As such, before Maynilad can accept a business owner’s application for sewer connection, the business owner is first required to install a pre-treatment facility—one that will bring the establishment’s wastewater down to domestic quality. Otherwise, the integrity of Maynilad’s treatment facilities will be compromised. If your business sits outside sewered areas, however, the wastewater it generates cannot be treated by Maynilad, so you need to have your own sewage treatment plant instead of a mere pre-treatment facility.
Unfortunately, because all these entail an initial investment, many entrepreneurs neglectfully forgo them.
This is an irresponsible decision that causes many more problems in the long run. Aside from causing harm to the environment, non-compliance with proper wastewater management guidelines could mean incurring hefty fines—as high as P1 million, in some cases.
Considering all the consequences that a business owner stands to suffer, it is wiser to invest in pre-treatment facilities and a connection to the sewerage system (for those in sewered areas) or a sewage treatment plant (for those in unsewered areas). While it might hurt the wallet a bit, you’re saving yourself—and the environment—from much bigger problems.

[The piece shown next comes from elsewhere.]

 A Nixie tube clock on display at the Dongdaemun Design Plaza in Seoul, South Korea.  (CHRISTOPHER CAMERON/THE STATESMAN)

The good news is that Maynilad can help make the whole process a lot more hassle-free (at least, for those whose businesses are located in sewered areas). Once you connect to its sewerage system, the water concessionaire can take care of everything from conveyance to further treatment to discharge. All that’ll be left on your end is the maintenance of your pre-treatment facilities.
When your business is officially compliant, Maynilad can then issue a Certificate of Interconnection, which serves as a legal document that you can submit to the DENR and other regulatory bodies as proof of your business’ compliance.

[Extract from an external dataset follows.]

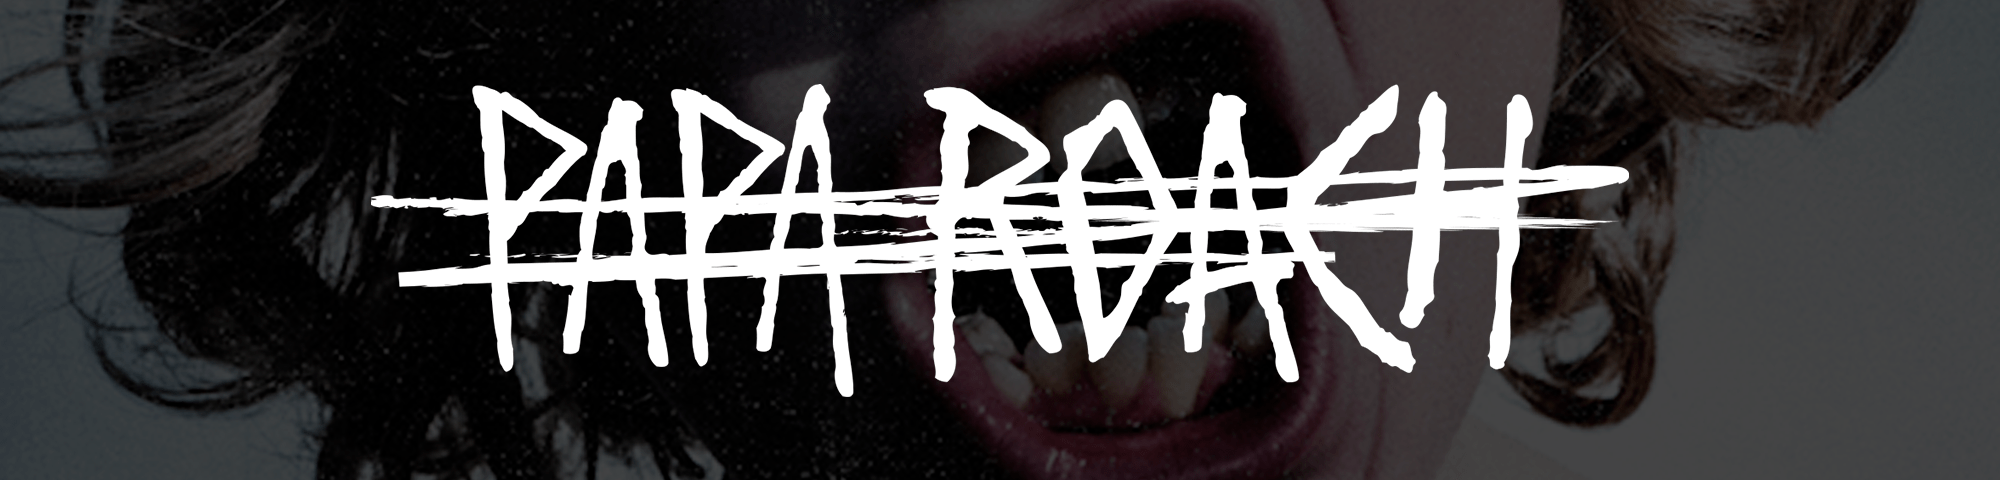 Papa Roach - Banner

For businesses outside sewered areas that need to build their own sewage treatment plant, they can consult with Maynilad to determine the right kind of sewage treatment plant for their type of effluent quality.
Compliance with environmental laws might be one more headache to add to the many that come with being an entrepreneur, but it’s a necessary one. After all, you don’t want to be spoiling the planet for everyone else.